# at the zoo



## bev (Apr 5, 2009)

A bloke starts his new job at the zoo and is given three tasks... First is to clear the exotic fish pool of weeds. 

As he does this a huge fish jumps out and bites him. To show who is boss, he beats it to death with a spade. 
Realizing his employer won't be best pleased he disposes of the fish by feeding it to the lions, as lions will eat anything. 

Moving on to the second job of clearing out the Chimp house, he is attacked by the chimps who pelt him with coconuts.He swipes at two chimps with a spade killing them both.. What can he do? Feed them to the lions, he says to himself, because lions eat anything.He hurls the corpses into the lion enclosure. 

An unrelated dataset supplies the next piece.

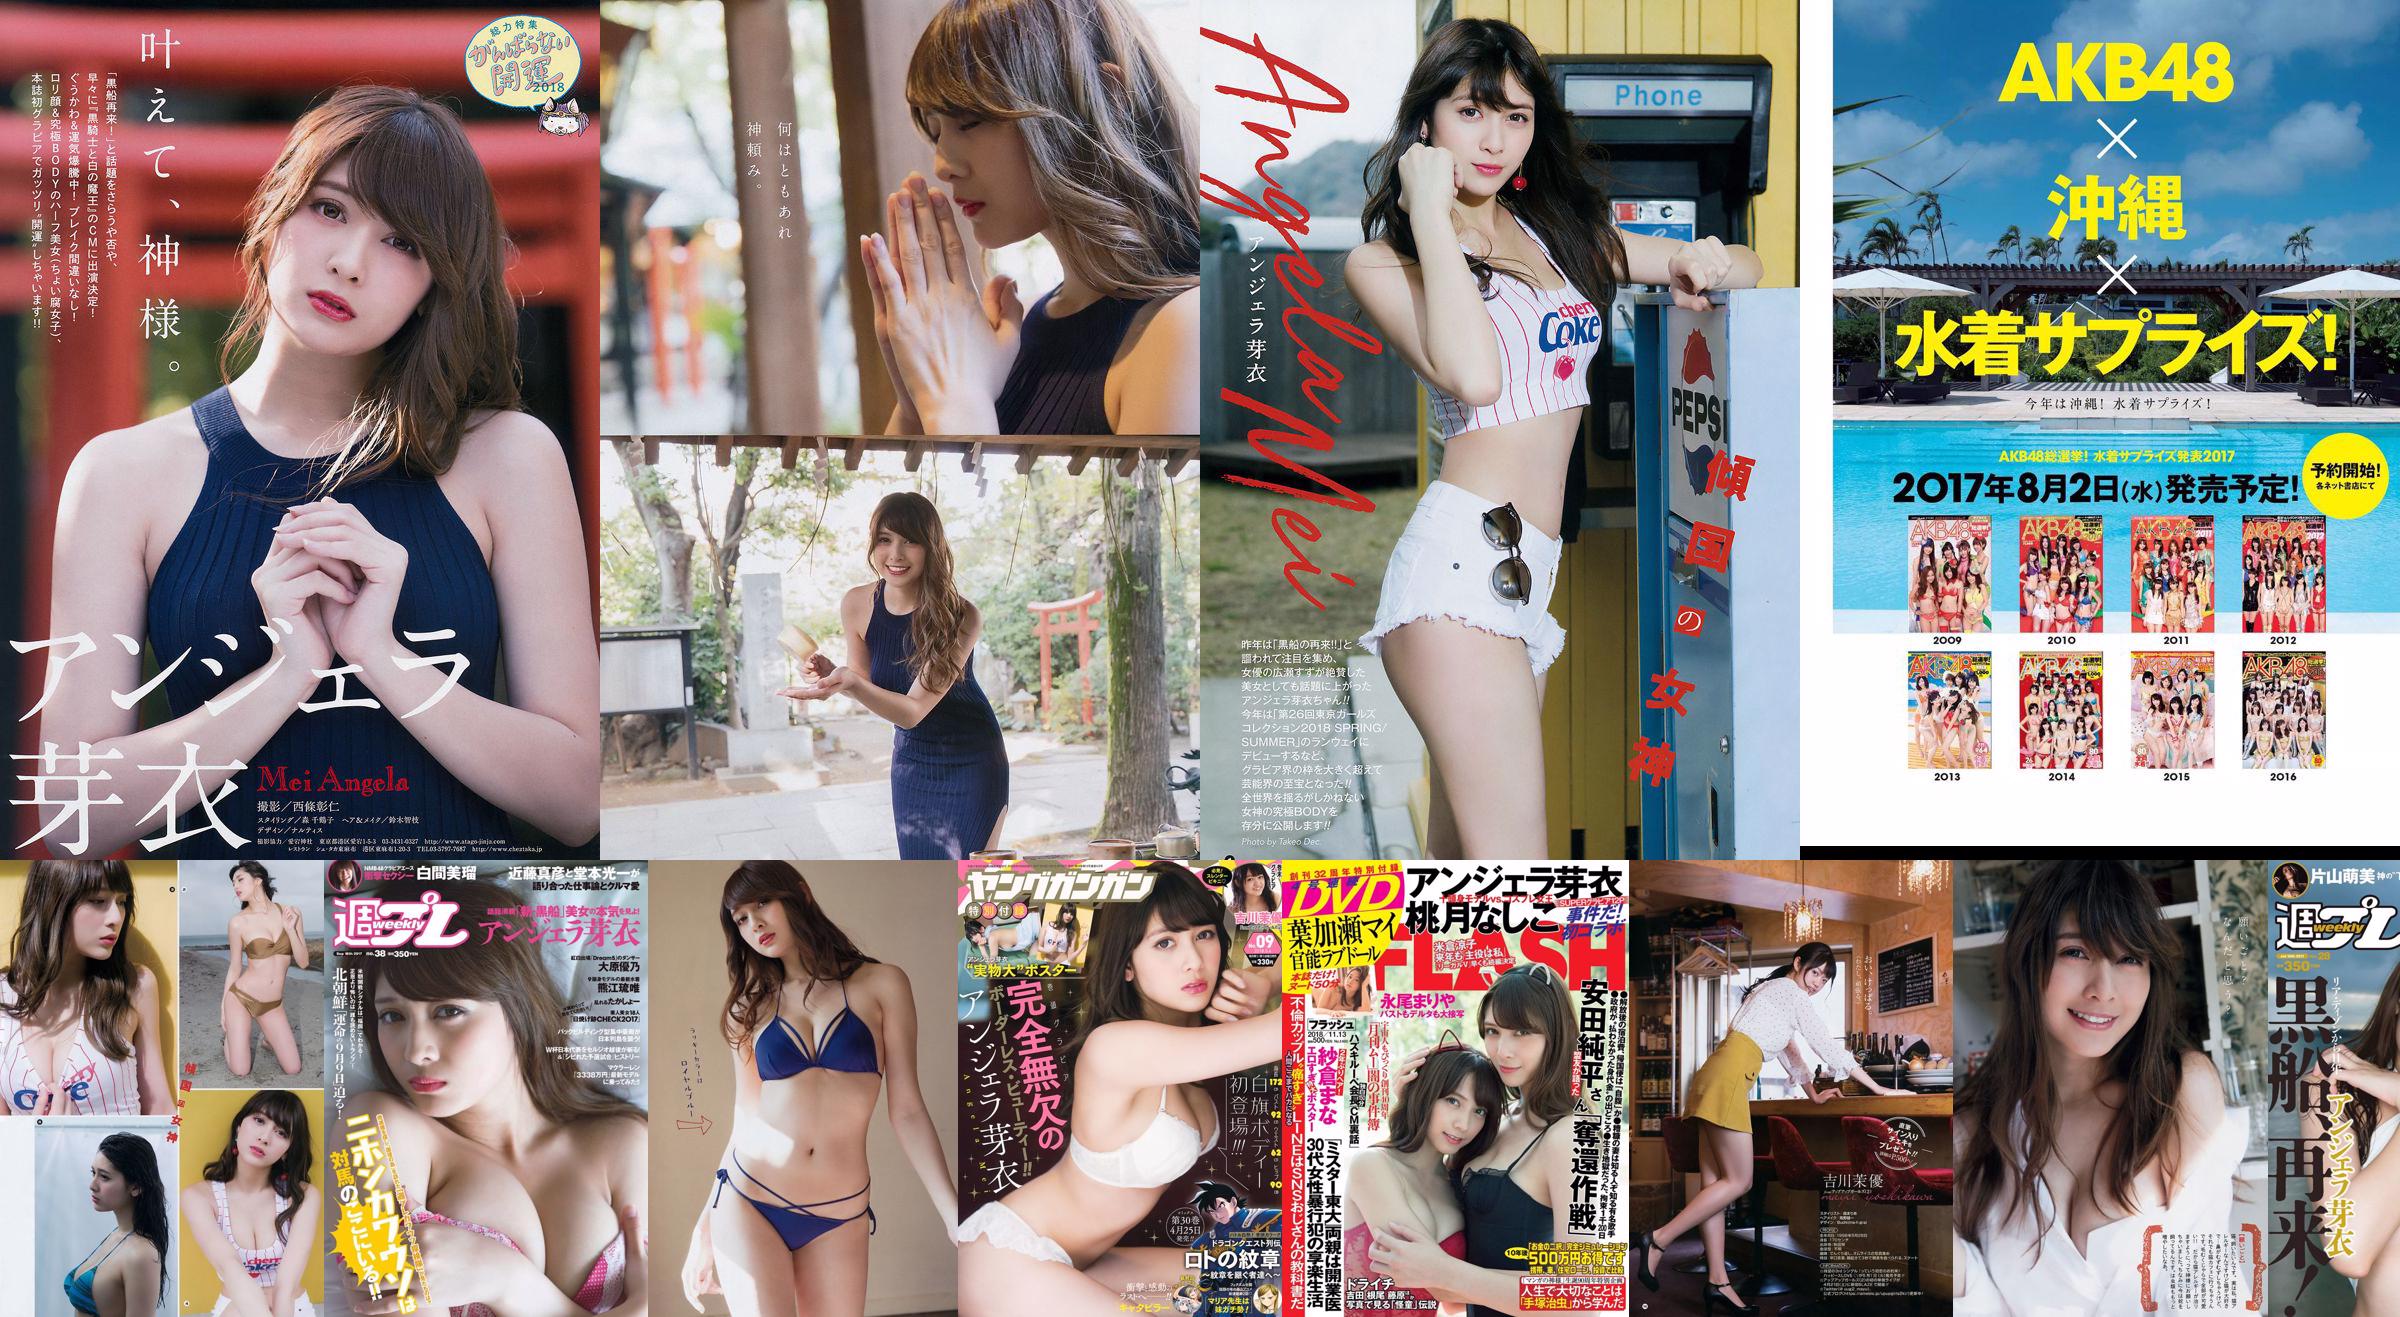 Angela Mei Riho Abiru Yuuna Suzuki Yuno Ohara Moemi Katayama Ito Ohno [Weekly Playboy] 2017 No.28 Photographie No.e63caa Page 13

He moves on to the last job which is to collect honey from the South American Bees.. As soon as he starts he is attacked by the bees. He grabs the spade and smashes the bees to a pulp. By now he knows what to do and throws them into the lions cage because lions eat anything. 


Later that day a new lion arrives at the zoo. He wanders up to another lion and says "What's the food like here?" 
The lions say: "Absolutely brilliant, today we had Fish and Chimps with Mushy Bees!


Bev


----------



## Tezzz (Apr 25, 2009)

Oh that was so funny... Reminds me about the bloke who went to the circus to get a job as a lion tamer...


----------